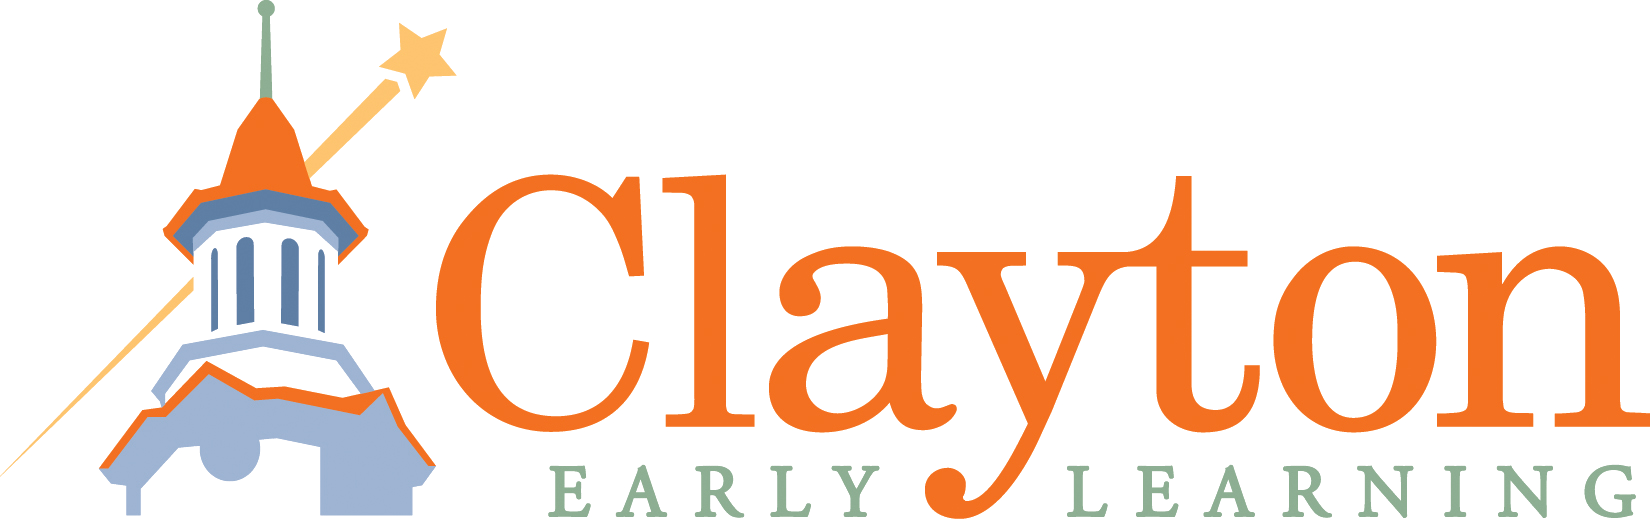 Clayton Early Learning logo
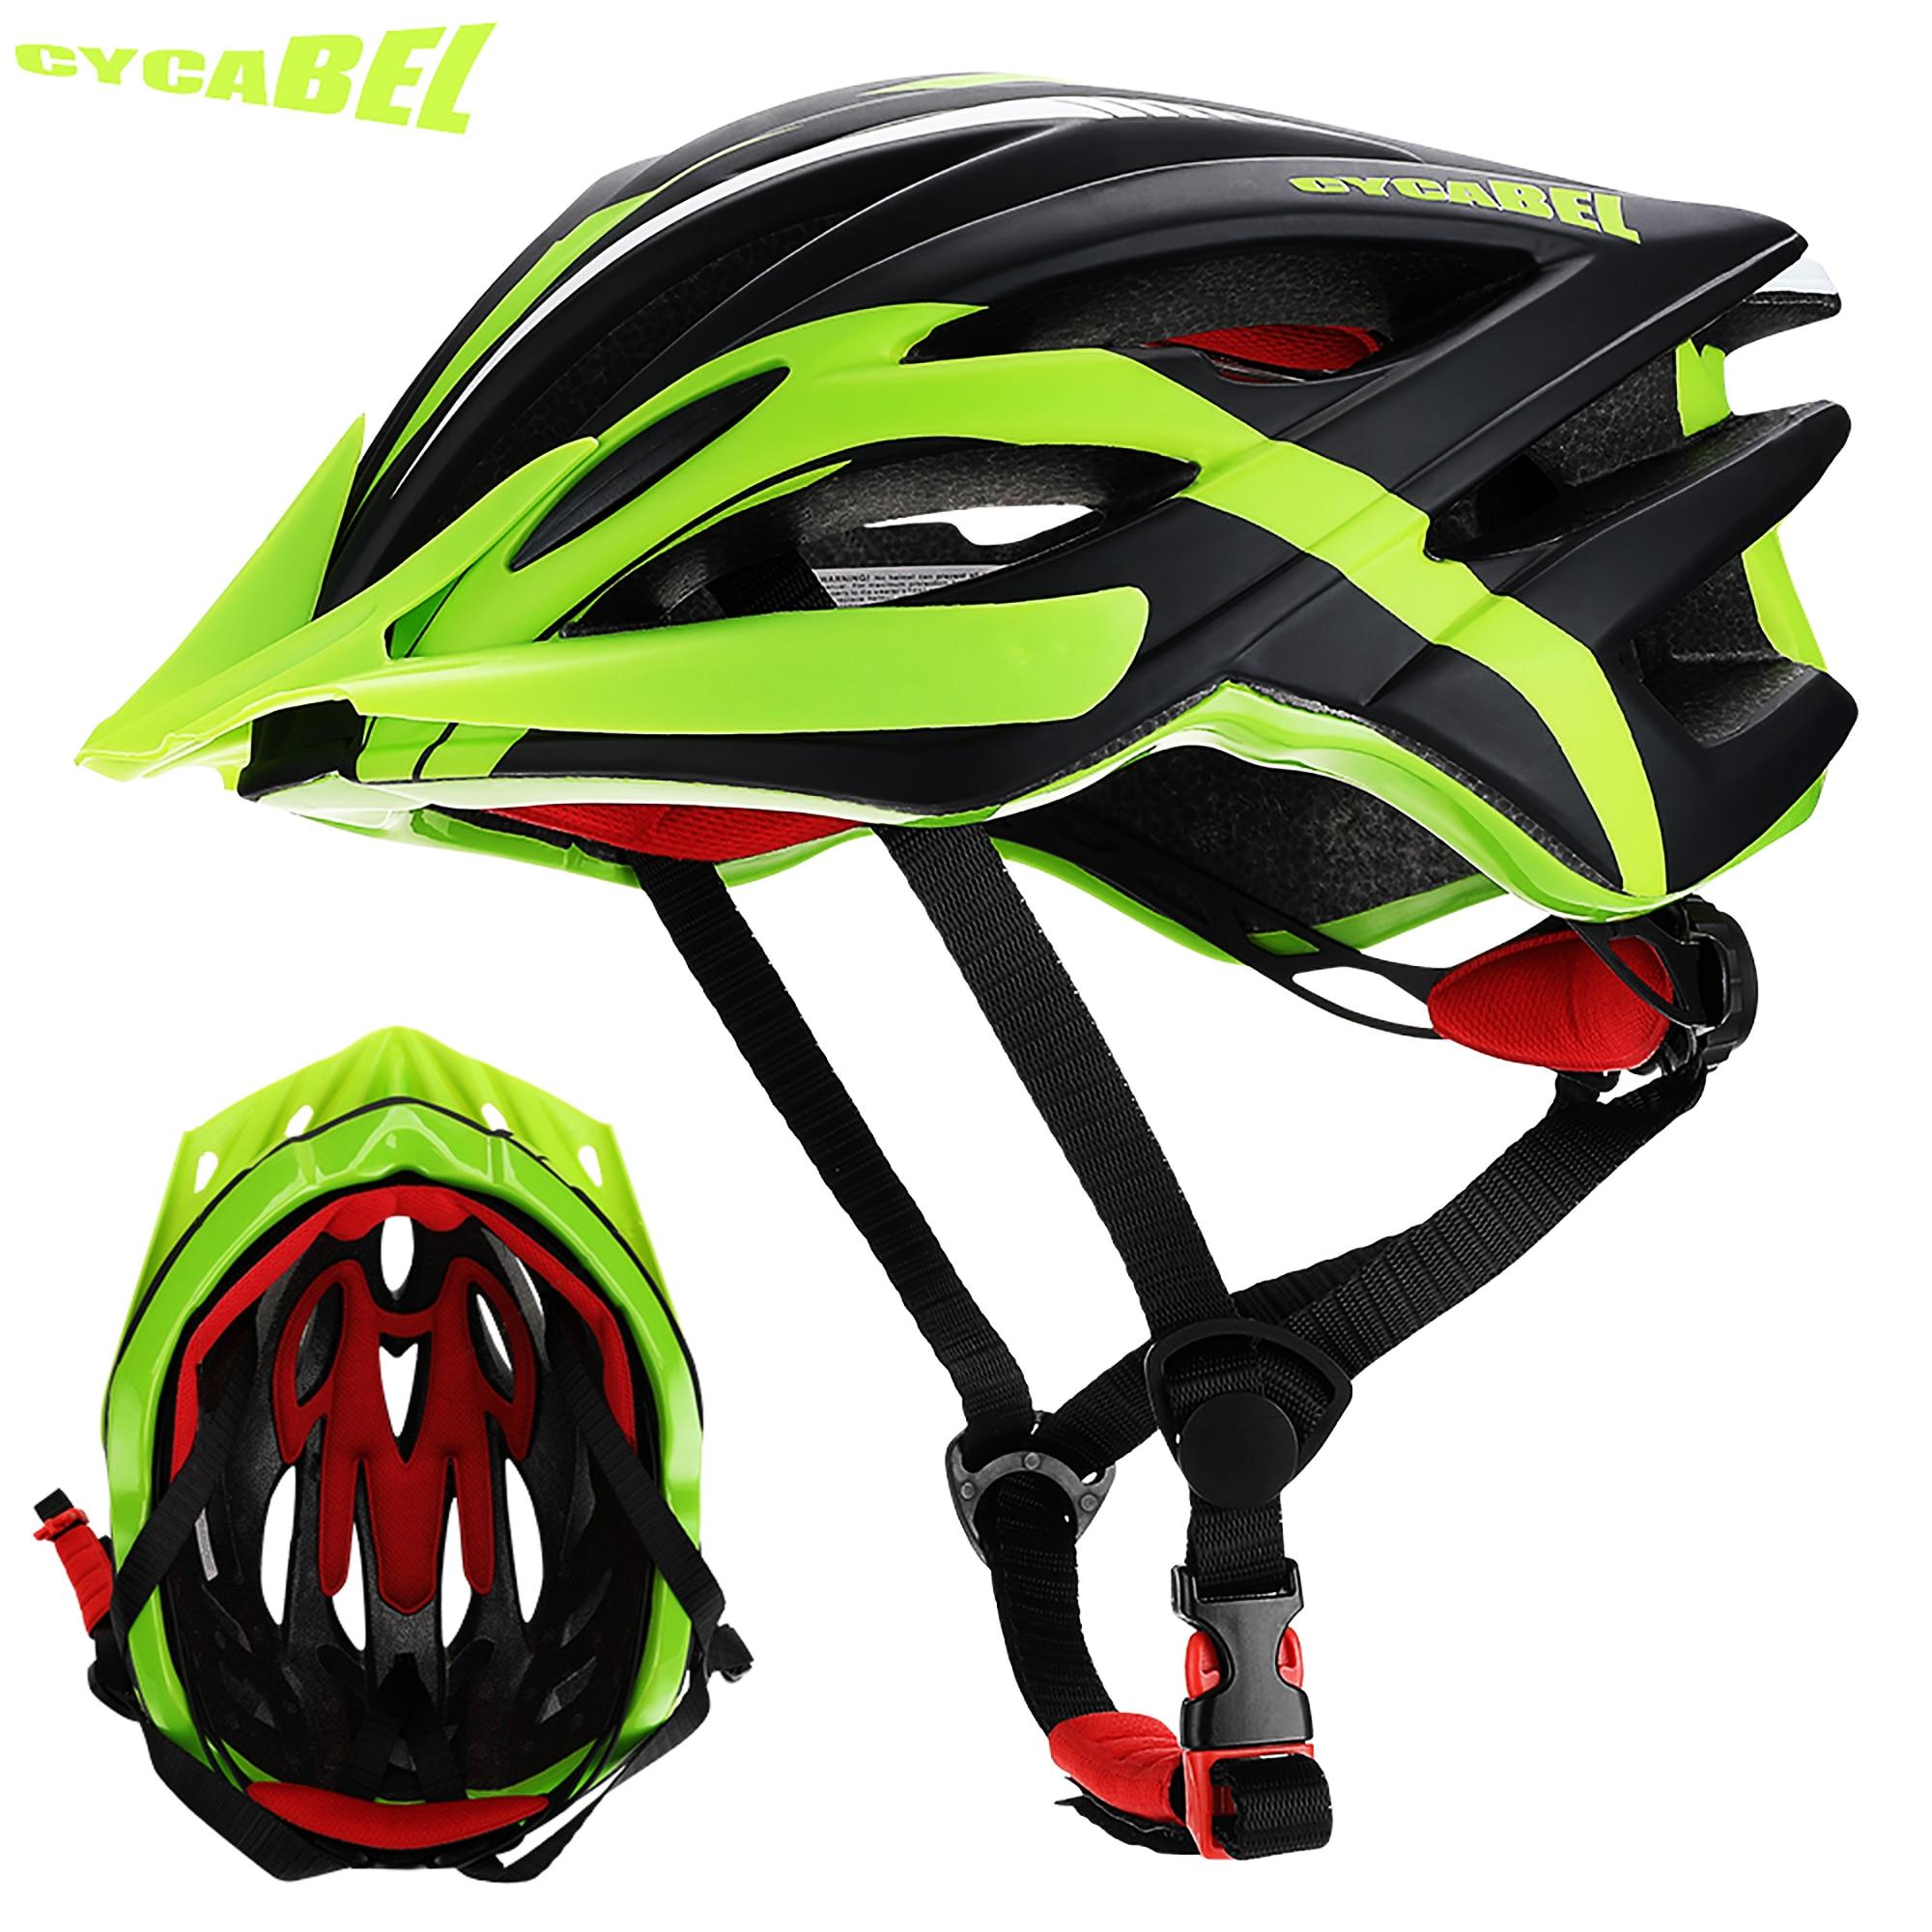 AliExpress - CYCABEL Bicycle Helmet Cycling Safe Hat In-mold Road Mountain Bike Helmet Ultralight MTB All-terrain Sport Riding Cycling Helmet
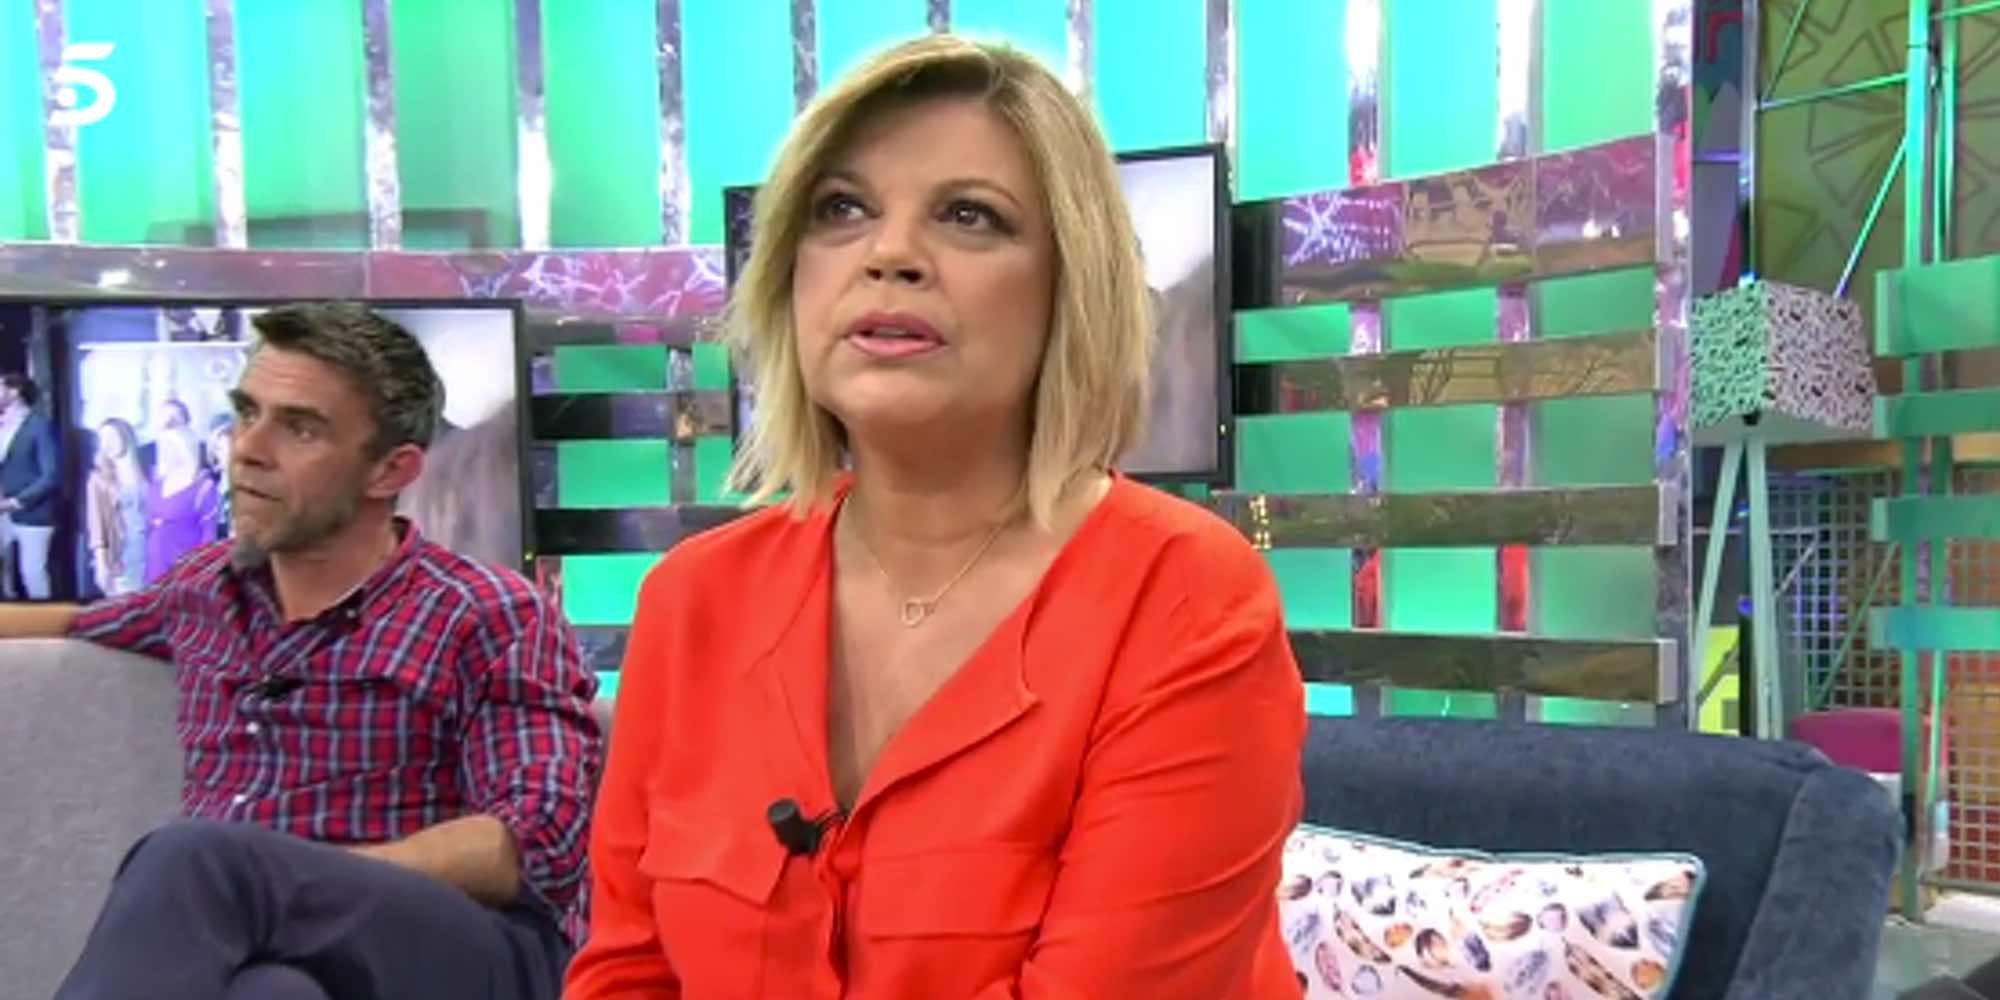 Terelu Campos abandona el plató de 'Sálvame' entre lágrimas tras estallar Mila Ximénez contra ella

• REQUIRED ACTION:
Each line from the one containing "AliExpress - CYCABEL" through the last line of the listing must be copied exactly, and the pictures must not be.

• RESULT:
 AliExpress - CYCABEL Bicycle Helmet Cycling Safe Hat In-mold Road Mountain Bike Helmet Ultralight MTB All-terrain Sport Riding Cycling Helmet
 Terelu Campos abandona el plató de 'Sálvame' entre lágrimas tras estallar Mila Ximénez contra ella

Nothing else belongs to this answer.